## Work instruction
Print nothing except the line holding "SHEIN CLUB Invite" and the lines that come after it in the material below, and leave the pictures out.

## Data excerpt
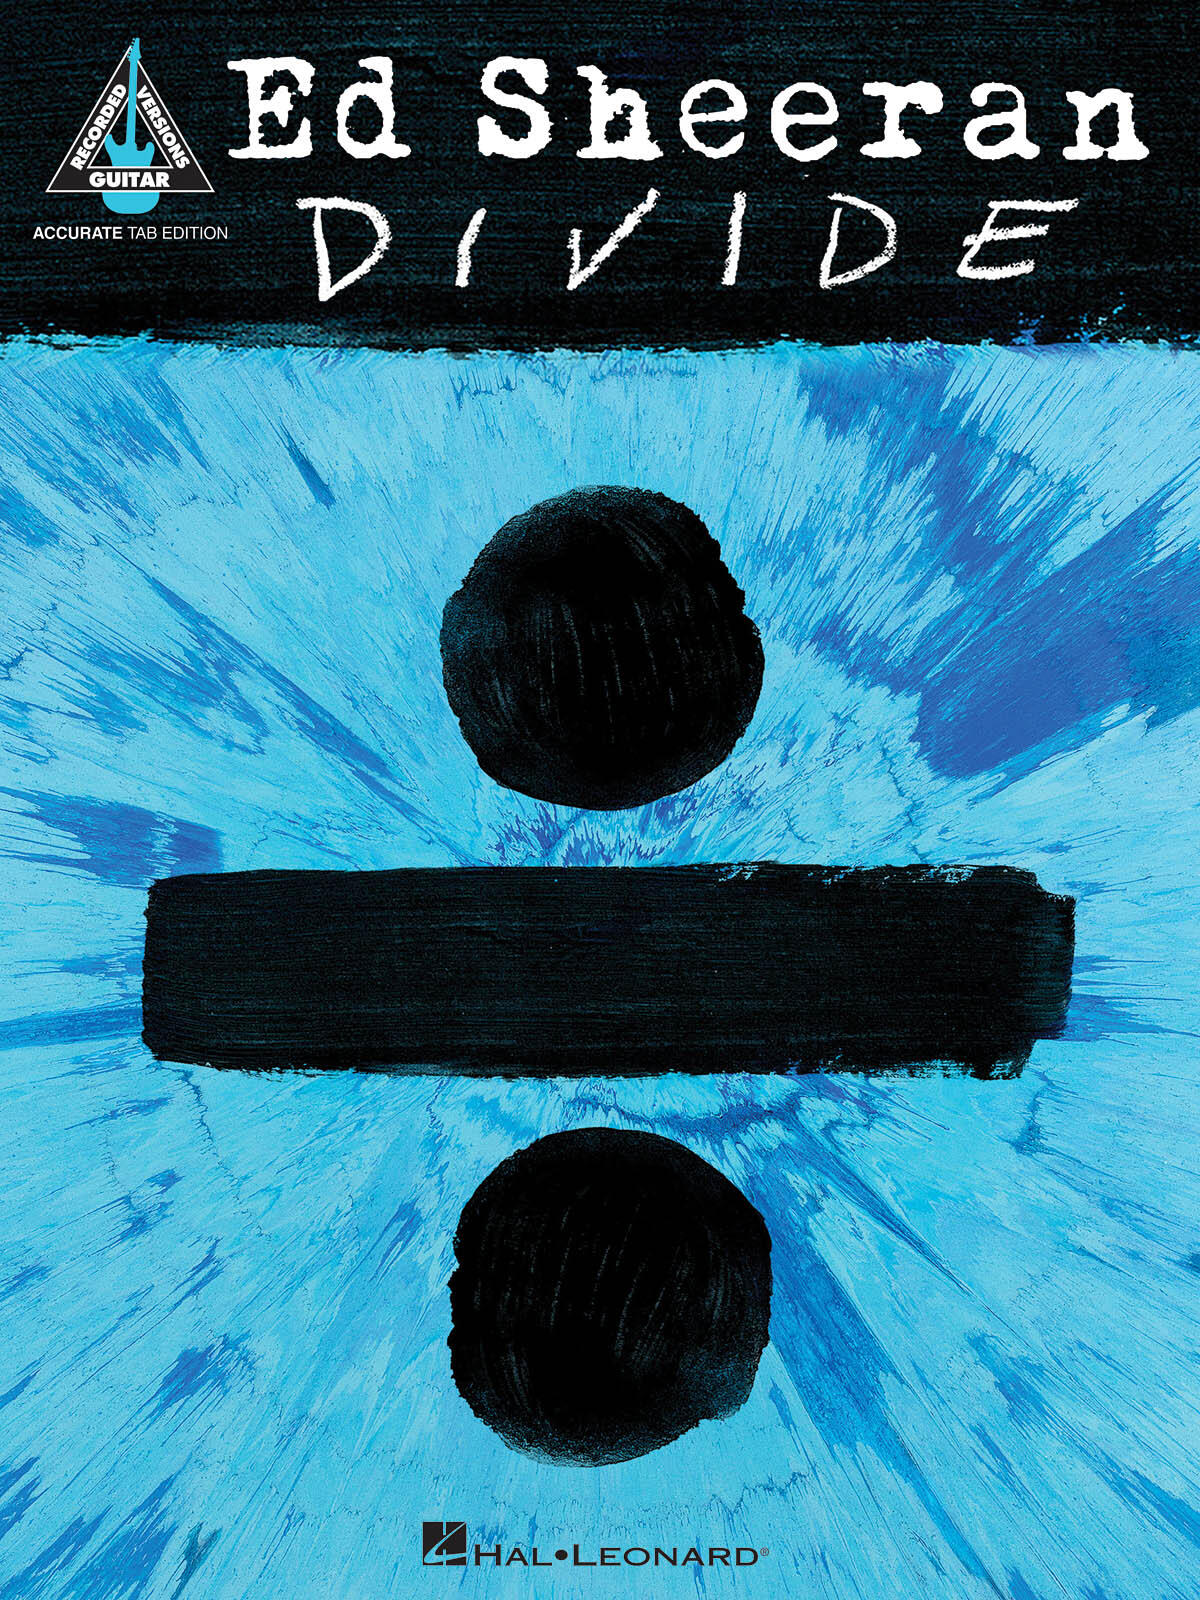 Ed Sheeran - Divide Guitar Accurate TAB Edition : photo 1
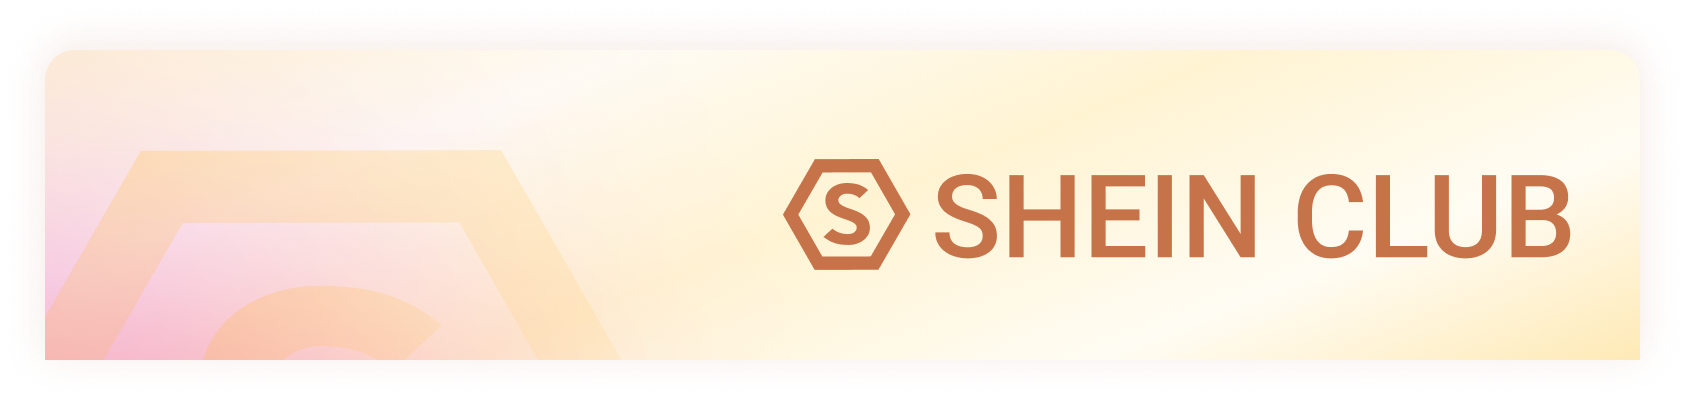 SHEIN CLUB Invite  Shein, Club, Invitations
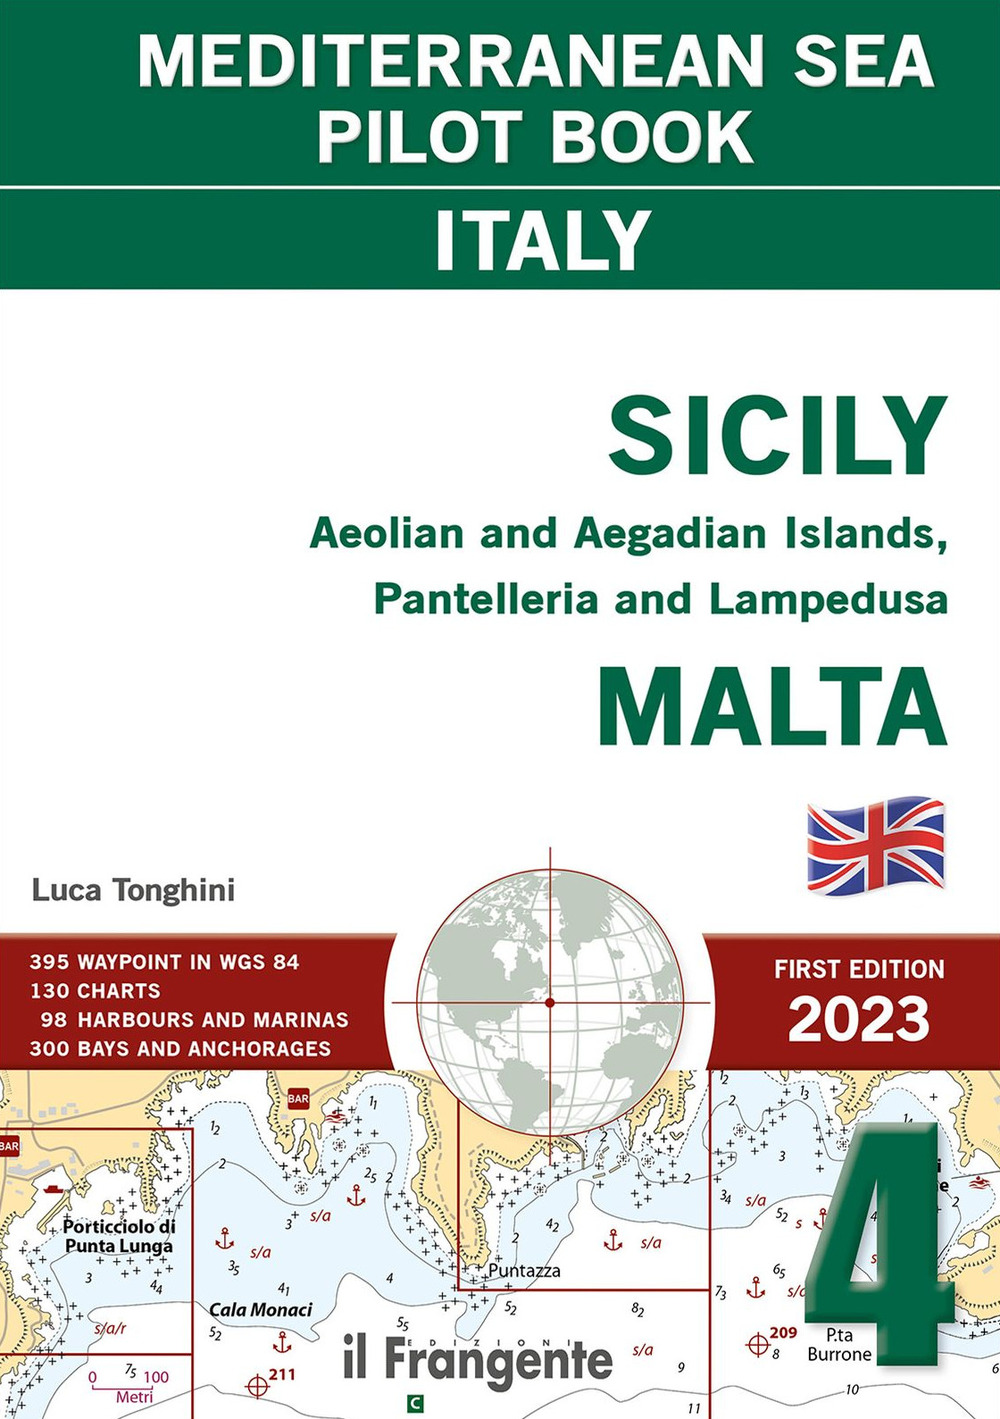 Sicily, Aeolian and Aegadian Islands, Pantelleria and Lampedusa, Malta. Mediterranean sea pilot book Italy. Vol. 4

## Reply to the task
 SHEIN CLUB Invite  Shein, Club, Invitations
 Sicily, Aeolian and Aegadian Islands, Pantelleria and Lampedusa, Malta. Mediterranean sea pilot book Italy. Vol. 4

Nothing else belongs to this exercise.